Using Docker with the default Postgres image was the natural choice to conveniently package the various components, without requiring a user to install additional dependencies on their machine.
Backend
Dockerising the backend was relatively easy to start with, but I had a lot of trial and error to find a way to satisfy two desires:
- 1. How to support the three build modes I had defined, “development”, “staging”, and “production”.
- 2. How to reduce the build steps by using a single docker-compose file for the API and database.
Many initial attempts used multiple docker-compose files and the docker merge capability which produced some bizarre results, namely grouping my API and database under an Auto-generated container name.
Next, I had to consider when to run Knex migrations. On one attempt my combining both the Postgres image and my own API image meant that the Knex migration was attempting to run prior to the database starting up and therefore failing the build process. The reason for this was that the build process was only interested in waiting till the container was up, and didn’t care that the database itself was still booting.
Seed Issues
Another unexpected issue was with he seed files I was using to re-build the database each time, it turns out that Knex runs seeds in alphabetical order based on the file name. This was causing issues because SQLite doesn’t care about constraints like foreign key columns but most other databases of course will; I it was necessary to make sure and insert the Card before the Transaction that references it etc.
This was solvable by making new seed files using the Knex seed command using a template which would inject a millisecond date code, ensuring that this would dictate the order of execution, not the entity name.
Lastly, there was some confusion about how to handle Date formats in Postgres but most of these were solved by switching to ‘datetime’ columns and adding a bit of extra config to the Knexfile.
Web Front End
The initial idea for the front end was to have a build placed inside a static folder on the API as part of my bid to just have one docker compose file, but this never quite felt right for a couple of reasons:
Firstly, it violates the microservice pattern by combining front end with back, it introduces a versioning issue as it becomes hard to remember which has been committed. Yes there are ways around it but see the next section for why I was hesitant.
A bigger problem was that the API router could not differentiate what was a static file request, and what was an API request. Yes I could have prefixed all static resource URL’s with /static/, but that would have then introduced issues using it in any other environment and I just wasn’t really up for doing that.
An example of coupled front-ends from work
On a project at my work there was a need to incorporate the build of some applications into another app due to the time it would have taken to approve entirely new separate apps (or properly integrate them). This would involve building the sub-app, and then committing the build as a static part of the codebase of the host app.
To try to do this as elegantly as possible I devised a method of creating ‘build IDs’; unique identifiers created at build time which would be written out to a .txt file within the build as a form of traceability. After this the builds would then be placed within a folder of the host application called “ecosystem-apps” which then had sub-folders for each environment.
When making changes a pull request would be opened on the application’s repository, another would be create on the host app’s repository. The two would then be linked by mentioning the build ID and adding hyperlinks. This worked for what we needed and did – in theory – provide the traceability needed for secure change release control, however it is a far from perfect solution.

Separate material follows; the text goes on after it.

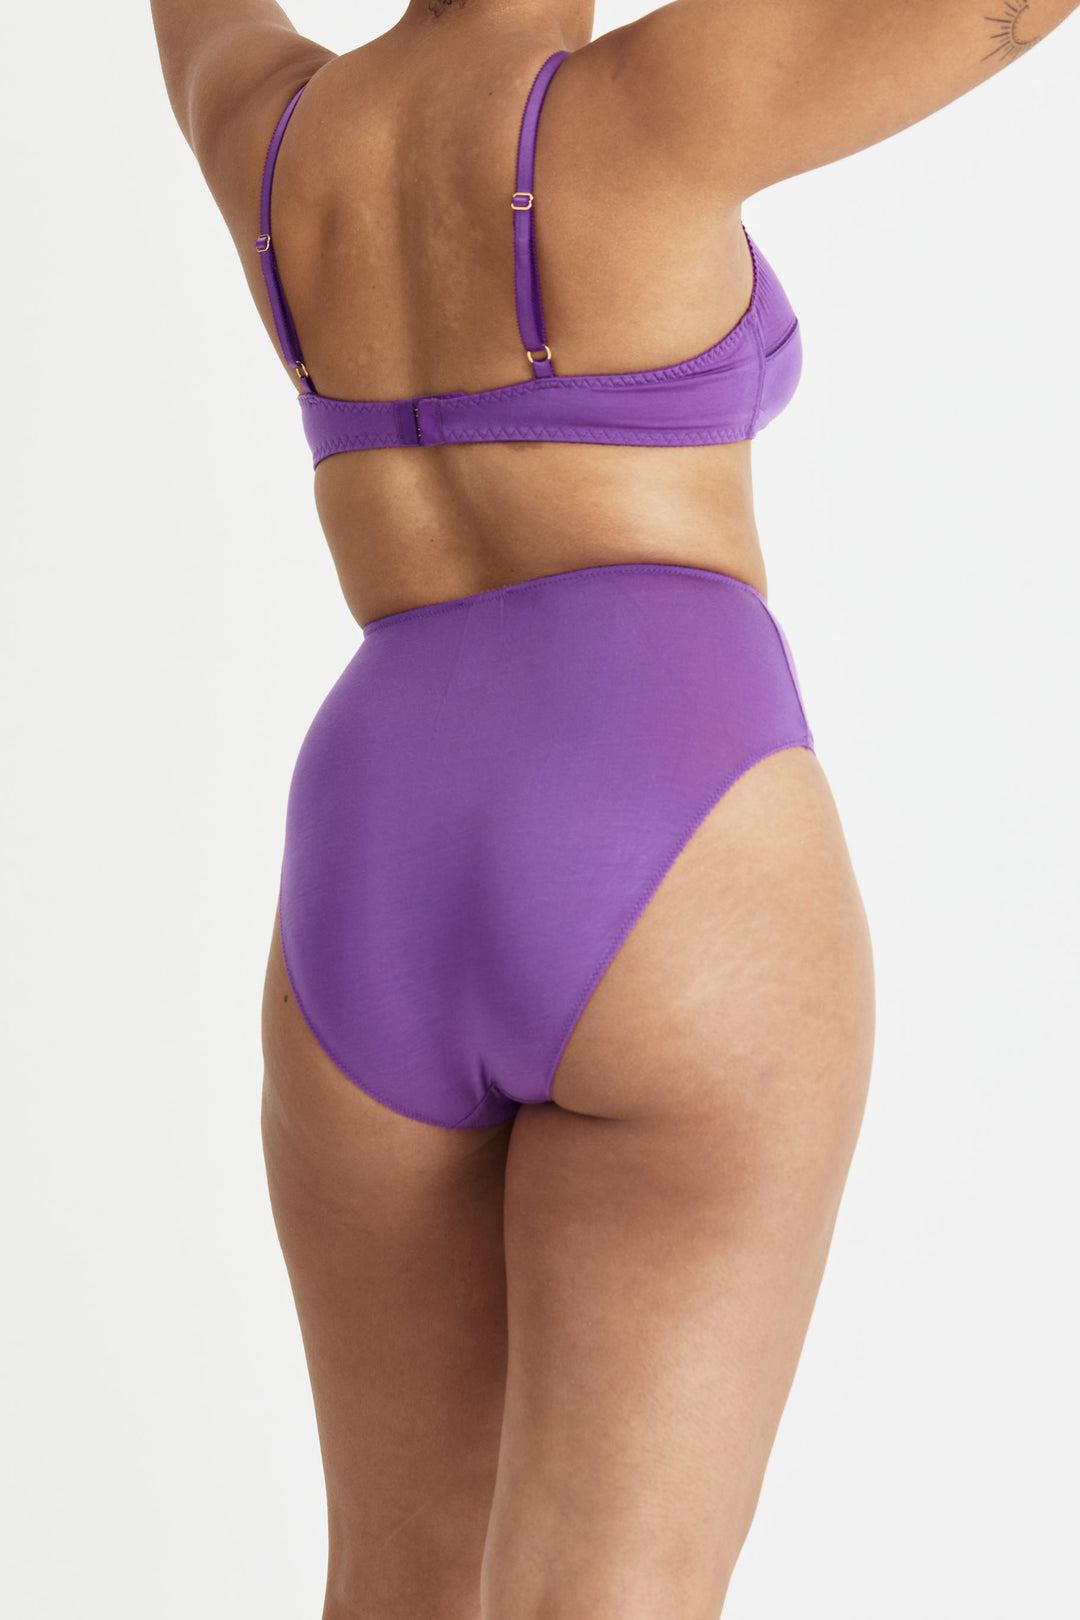 Videris Lingerie high waist knicker in purple TENCEL™  with cheeky bottom coverage

Because both repositories are tied together but still separate, reversing changes proved to be difficult. Then, if there was a feature awaiting sign off on an ecosystem app project, it may be completely unrelated to all the other apps of the host but will still block the change releases as the host app needed to maintain its own linear sign-off release train. In other words if one app was still in test but not ready to go, the rest also had to wait. It was possible to only build for one environment at a time but it very quickly became difficult to tell which build for which app was then subsequently built into which environment on the host.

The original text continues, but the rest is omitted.